According to Hongchu Wang and Pengfei Wu in 2017 [8] there are 1973 RPI complexes available in the Protein Data Bank (PDB), which contains over 15,000 protein chains and more than 3000 RNA chains. However, according to research using high-throughput sequencing techniques (such as RNA-Seq), at least 30,000 lncRNAs were identified by 2013. In this study we combined the three different datasets; The RPI2241 dataset, containing 2241 RNA–protein pairs was extracted from PRIDB [13] and reconstructed by Wang in 2013, the RPI488, a non-redundant lncRPI dataset based on structural complexes which consists of 488 lncRNA-protein pairs, including 245 non-interacting pairs and 243 interacting pairs from Pan et al. [23, 24] and the RPI12737 dataset containing 12,737 experimentally validated RNA–protein pairs that extracted from NPInter v2.0 database [25]. This dataset contains the same number of non-interacting RNA–protein pairs (negative examples) as the number of interacting RNA–protein pairs. After the dataset combination, we cleaned the data by removing all pairs containing a non-amino acid character for proteins or a non-nucleotide for RNA. The difference between lengths of sequences could increase the sparsity of the TF-IDF data frame and affect the performance of our predictive model. The exploratory data analysis gave more details on the dataset (see Table 1). The first quartile of proteins lengths was 252 while the third quartile was 614, which means that the lengths of 50% of our combined dataset lie between 252 and 614. After all considerations, we decided to use this 50% of the dataset, containing 10,715 clean pairs, to train and test the predictive model.

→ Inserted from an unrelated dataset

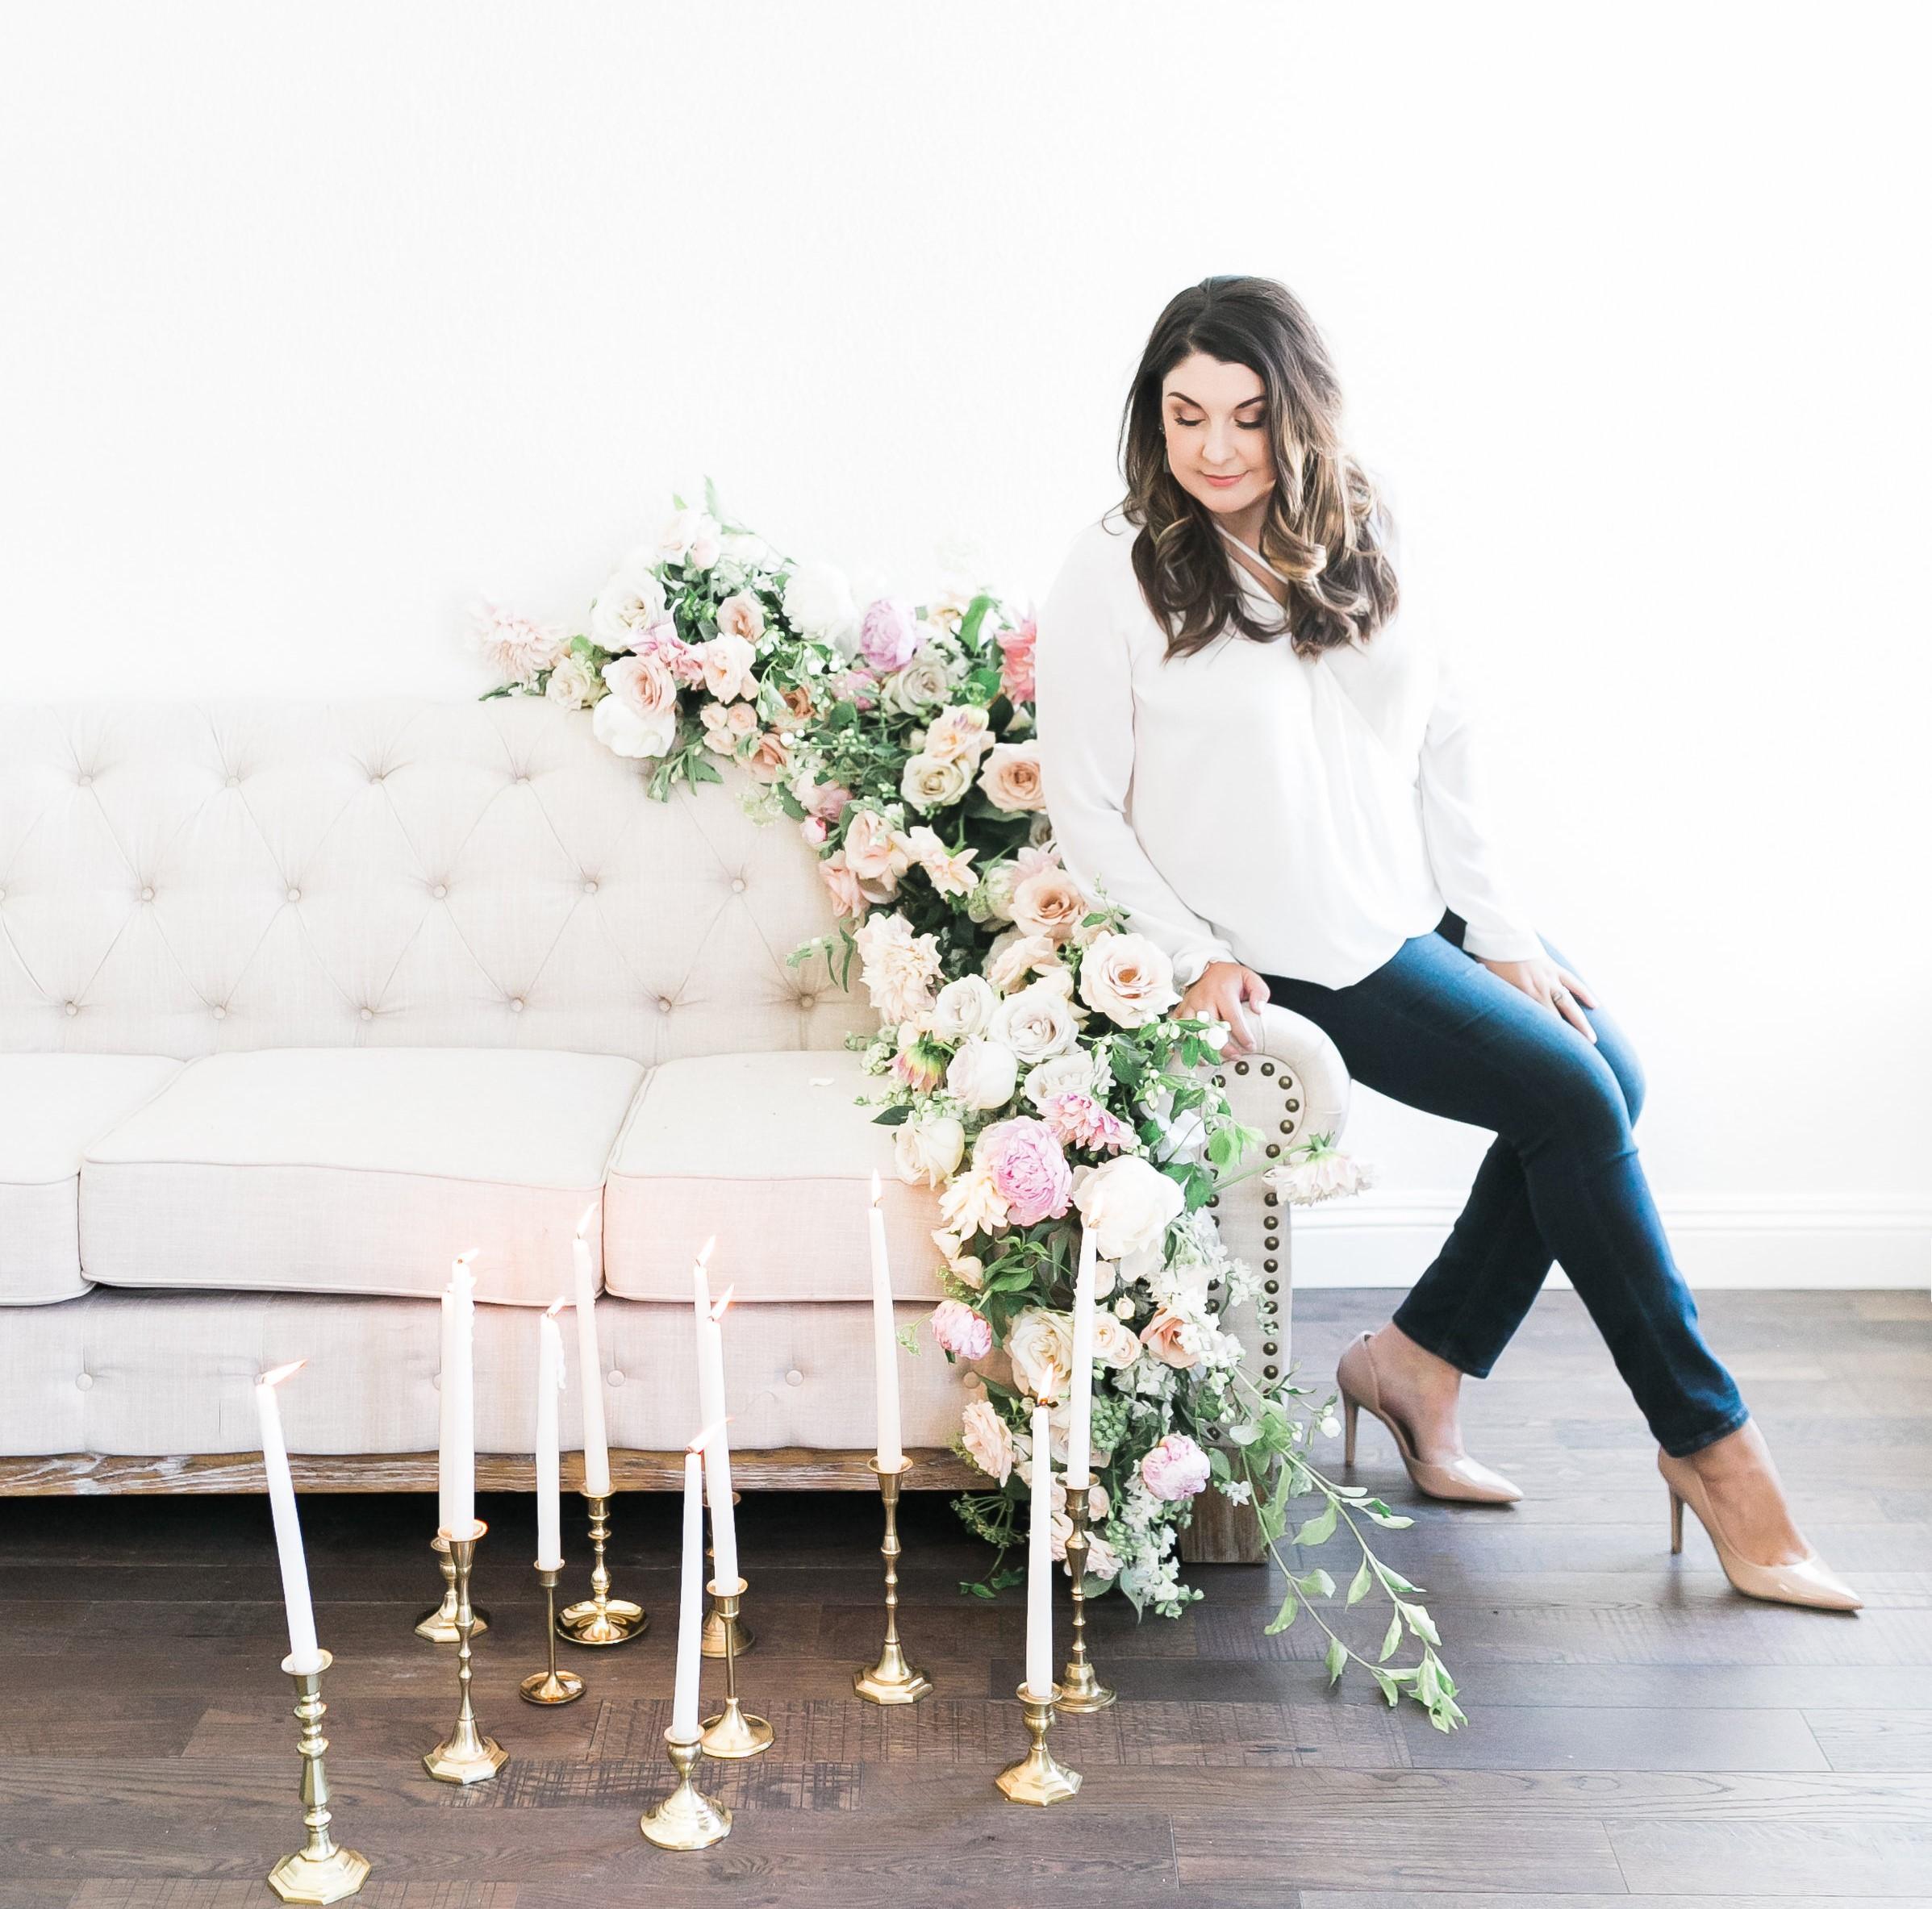 Las Vegas Wedding Planner Angelica Rose Events (2).jpg

DatasetPositive pairsNegative pairs#RNA#Protein
RPI48824324525247
RPI224122412241*8412042
RPI1273712,73712737*4636449

Table 1.

Description of different dataset used in random forest training.

The number with star means that the negative pairs were not reported. All non-reported pairs are considered as negative.


2.1 Transformation of the sequence into text format

The biological sequences are sequences of successive letters without space with different lengths which are relevant to their biochemical structure and for their biological function. The bioinformaticians use the alignment process to arrange the primary structure of a protein to identify regions of similarity that may be a consequence of functional, structural, or evolutionary relationships between the sequences. This approach leaves a lot of holes in a sequence when a region from sequence of interest is not similar to the region of the other sequence. The alignment of multiple sequences is not as simple as it may seem at the first glance and the position feature of amino acids is threatened. Therefore, we propose a method which conserves the position feature of amino acids in the sequence by translating sequences into terms to apply the same representation technique for text data. T232he window with a subrange in the sequence that gives the best metrics was used and slipped through the given sequence with a fixed step, and each nucleotide (amino acid) segment was stored as a term. The shortest size of the sliding window that gave better metrics values was the size 3. As in the example below, the illustration of sequence transformation using a sliding window with size from one to four (Figure 1).

Figure 1.

Illustration of a sequence to text format using a sliding window of different sizes.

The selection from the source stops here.